As expected, all plots showed satisfactory linear fits for test group data superimposed to those obtained from the training data set. It was also found that the concentration range of the solutions selected for the test group of all sugars and total sugar content in the assay with standard solutions with KCl 1 mol L⁻¹ always corresponded to the dynamic range used for the calibration. In contrast, the test groups for the assay using the standard solutions without KCl, had a lower concentration range. Therefore, the adjustment of the ionic background allows homogenization of the solutions matrix and possibly contributes to a greater confidence in analytical work across all the calibration working range.

These results demonstrate that it was possible to quantify the analyzed sugars and sugar total content in solutions that did not belong to the training group with the potentiometric sensor array containing cross-selectivity lipidic polymeric sensors, and using multiple linear calibration, coupled with a feature selection (SA) algorithm.
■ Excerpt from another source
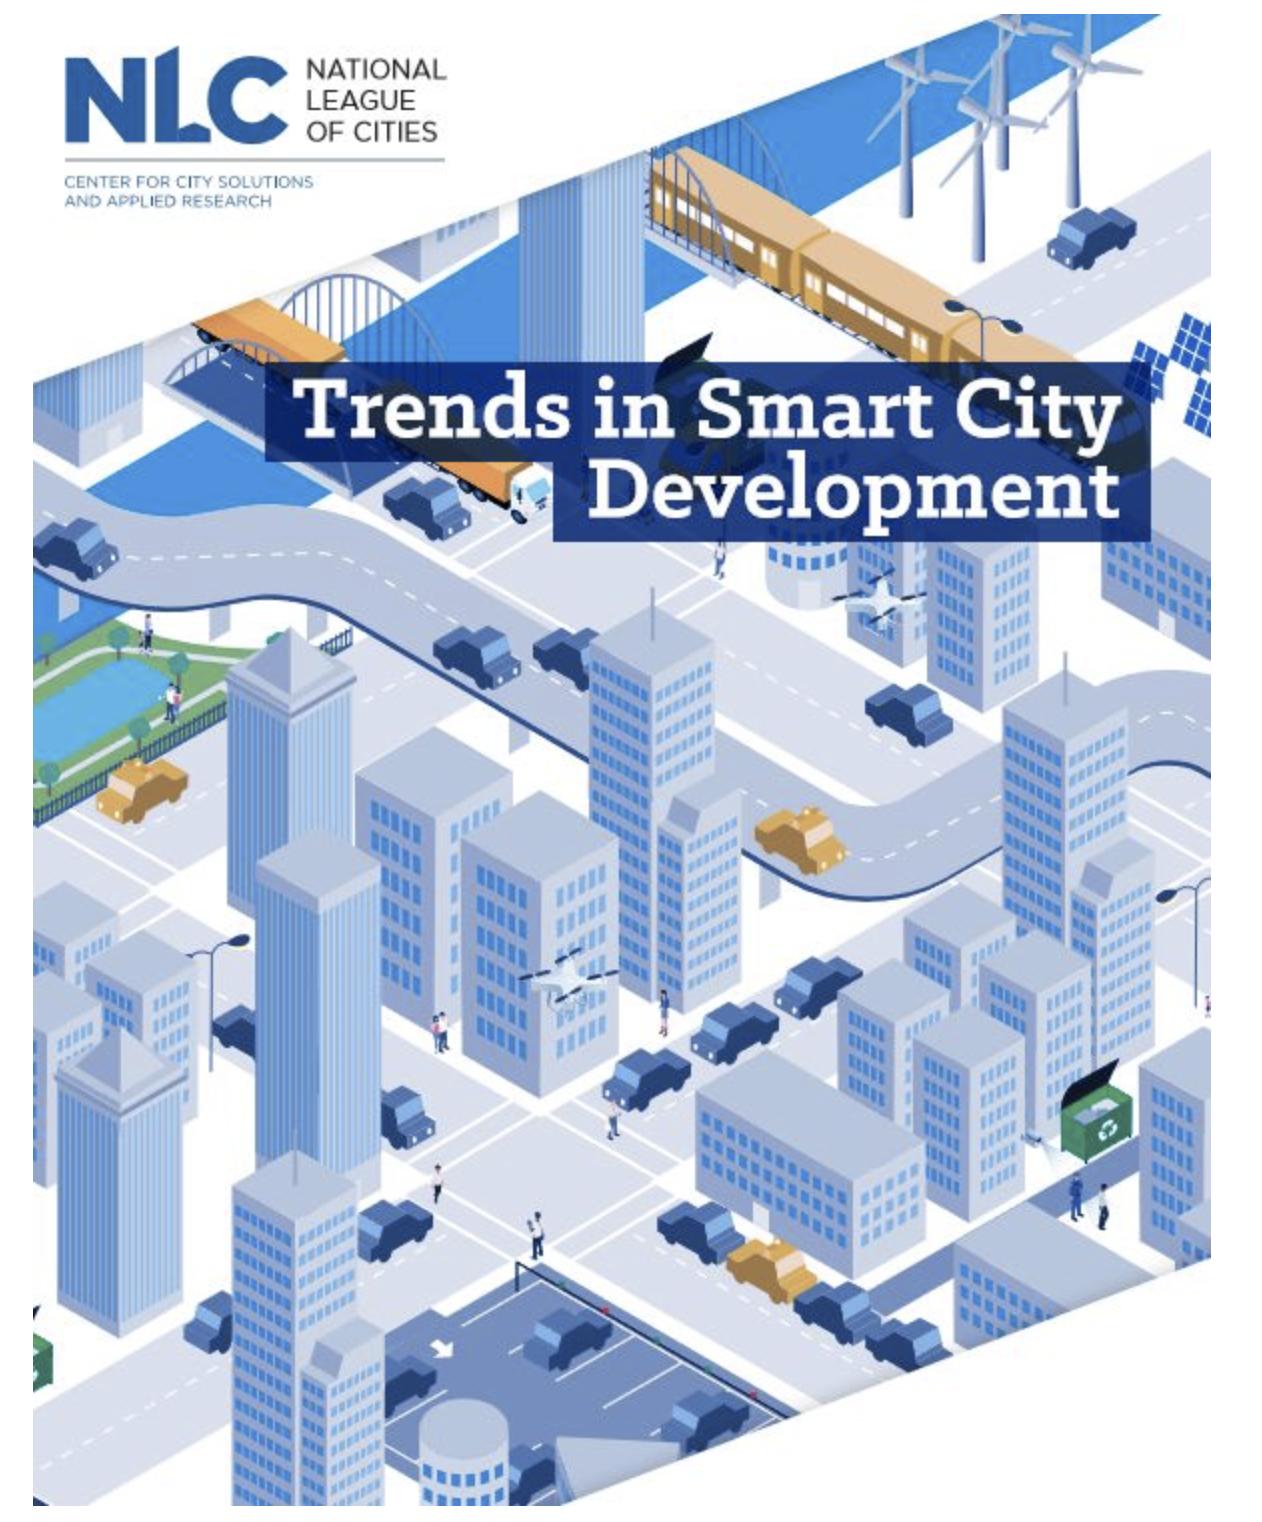 一文读懂智慧城市发展趋势

Moreover, the pre-selected sensors for building the sensor array were suitable for the analysis of sugars in accordance with the sensors selected by Dias et al. [20] for the semi-quantitative analyses of glucose and fructose, using PLS and MLR for juice beverages. Since the standard solution preparation followed an orthogonal experimental design, variability in sugars’ concentrations was guaranteed, and together with the complexity of conditions of the present study, contributed to a greater degree of confidence in the results. It may have contributed to the achievement of good results, when compared to results presented in other studies that used real samples in the calibration, and other types of E-tongues [18,19,20,21,22]. These issues show the importance of ensuring, in direct studies on synthetic or real samples, a high number of samples with variability of concentrations and matrix composition, and a reference analytical method with low analytical errors, to guarantee a small source of error.

4. Conclusions

This study successfully applied a potentiometric E-tongue with cross-selectivity lipidic polymeric membranes in the quantification of glucose, fructose and sucrose, and sugar total content in standard solutions. The fractional factorial design used to establish the preparation of these standard solutions, chosen to attain variability and complexity, was important to ensure confidence in the overall results. The analytical data treatment was adequate to obtain MLR models with satisfactory predictive performance in data from test groups (external validation).

The overall results confirm the E-tongue as a practical tool for the analysis of solutions, with advantages over other reference methods, such as flexibility and efficiency in multi-parameter analysis, minimum sample preparation and simple and totally safe operation; therefore, supporting green analysis (green analytical chemistry). Moreover, upon possible miniaturization, the device may be used for in situ analysis.